Purpose : The retinal pigment epithelium (RPE) faces two different environments – the retinal photoreceptors apically and the choroid basally. To perform different functions on each side, RPE cells must undertake a rearrangement of intracellular structures during development and polarize along the apical-basal axis. Failure to acquire a mature phenotype leads to retinal degeneration, as seen in some ciliopathies. In this study, we generated a three-dimensional reference map of induced pluripotent stem cell-derived RPE (iPSC-RPE) organelles and cytoskeletal structures to better understand the process of RPE polarization, using high-content imaging and object segmentation.

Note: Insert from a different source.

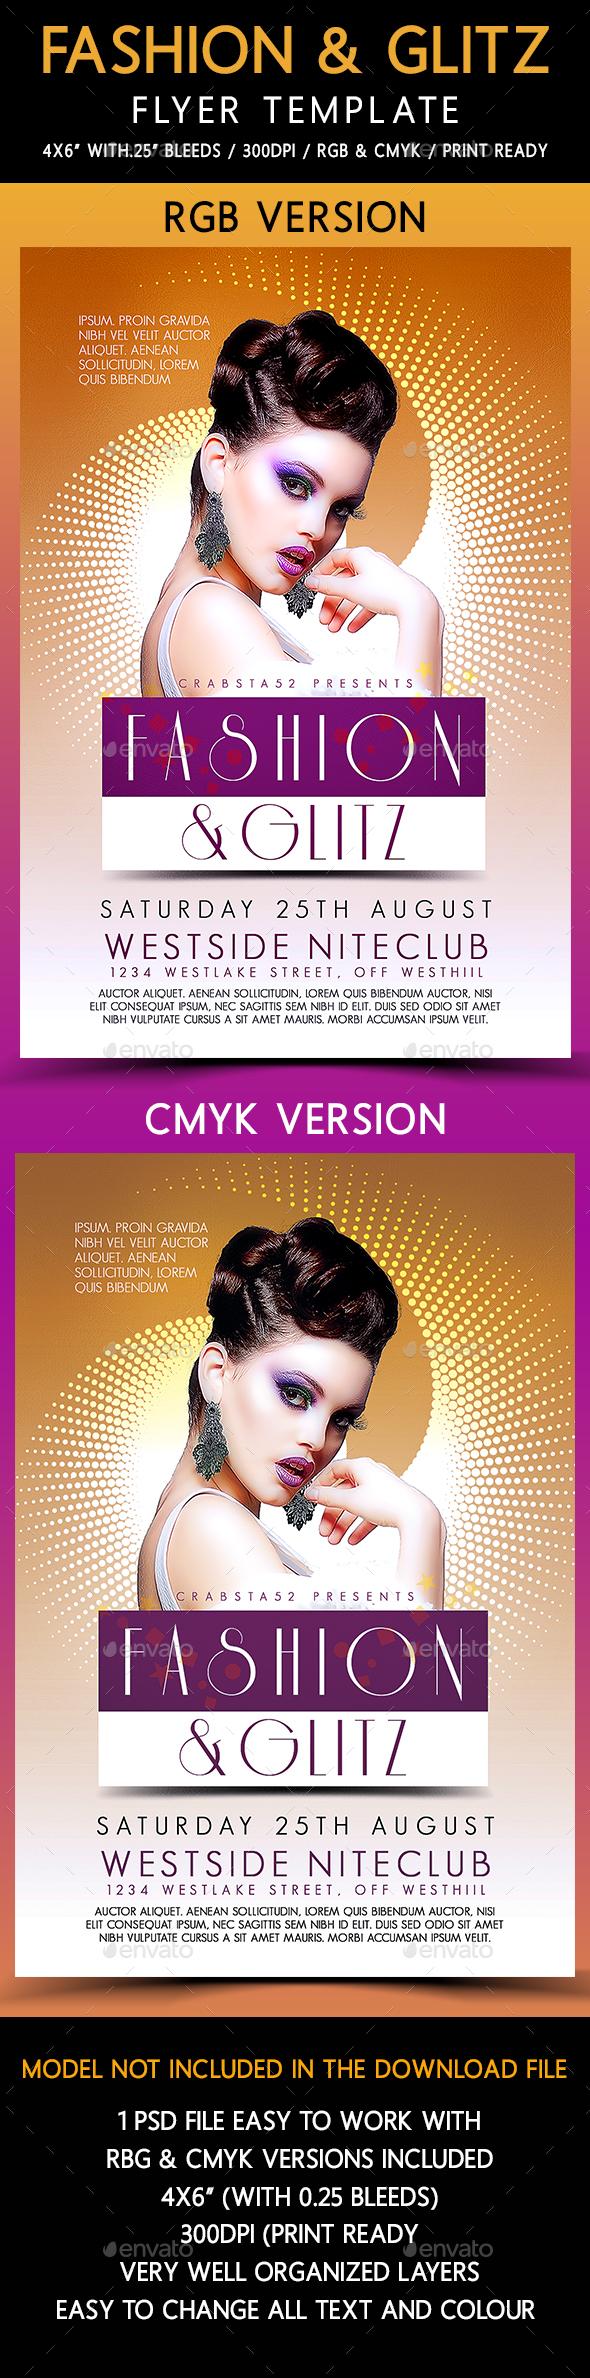 Fashion & Glitz Flyer Template - Flyers Print Templates
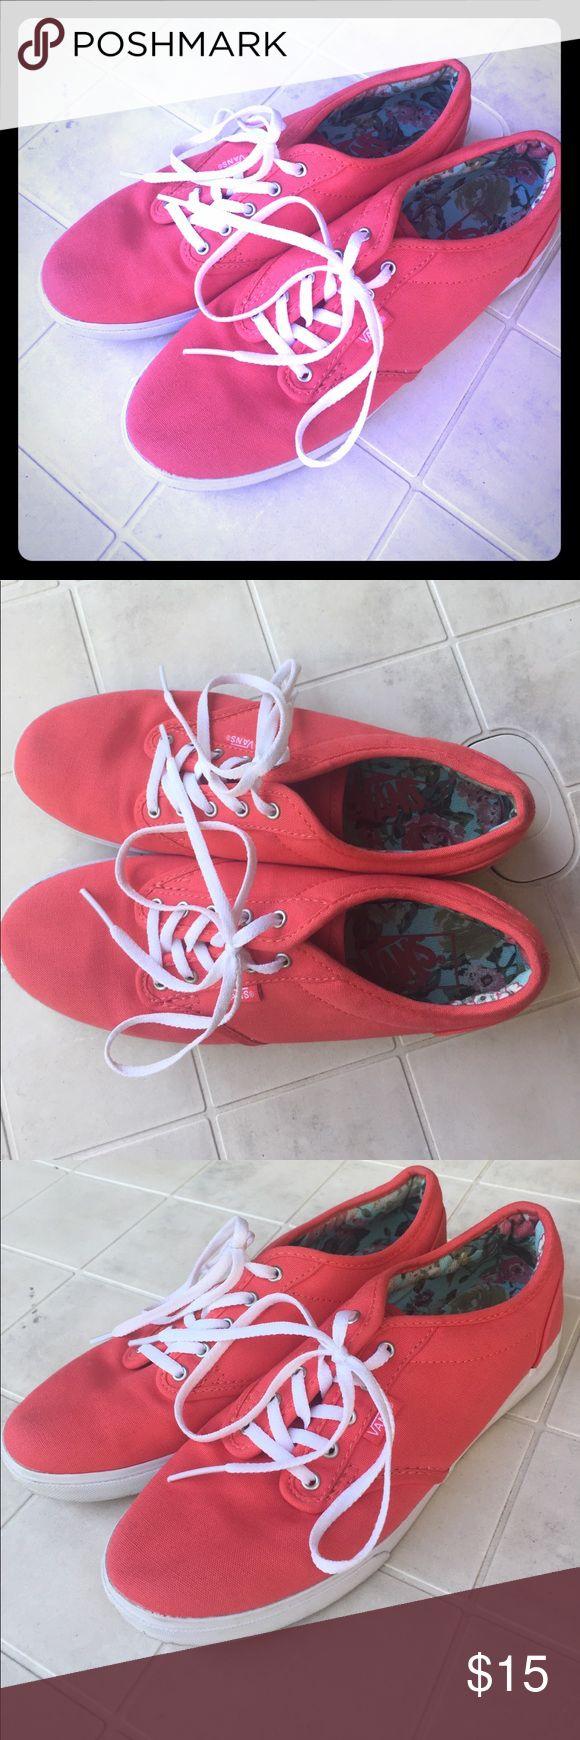 Coral Vans Sneakers Size 7.5 Coral covered Vans sneakers, barely worn. Smoke free pet free home. Vans Shoes Sneakers

Methods : RPE cells were derived from 16 induced pluripotent stem cell reporter lines, each expressing a fluorescently tagged protein to highlight specific intracellular structures. About 10,000 images of iPSC-RPE were taken at different timepoints during maturation. iPSC-RPE cells treated with HPI4, a compound known to disrupt apical-basal polarity, were included as control. A machine-learning algorithm was trained to identify and segment cells and nuclei borders. Each organelle or subcellular structure was segmented using classic segmentation algorithms. Three rounds of segmentation with the human in the loop were carried out to ensure the accuracy of the results.

Results : Cells and nuclei became more compact horizontally and elongated on the vertical axis during polarization. Moreover, nuclei developed invaginations of the nuclear envelope. The volume of endoplasmic reticulum (ER) and mitochondria increased with maturation, while the volume of Golgi apparatus remained constant. Among endosomes, autophagosomes, peroxisomes and lysosomes, the latter was the only organelle that displayed a decrease in volume when RPE polarization was blocked (0.45 vs 0.2 mm²). The ER, mitochondria, and lysosomes moved toward the center of the cell during maturation. The average number of lysosomes decreased with cell polarization (30 vs 20/cell), while the number of peroxisomes increased (70 vs 90/cell).

Conclusions : This work provides a three-dimensional reference map of organelle number, morphology, and distribution during normal development of RPE apical-basal polarity. Abnormal RPE phenotypes occurring in different diseases can now be compared to this reference map to understand the underlying subcellular mechanisms of action.

This abstract was presented at the 2024 ARVO Annual Meeting, held in Seattle, WA, May 5-9, 2024.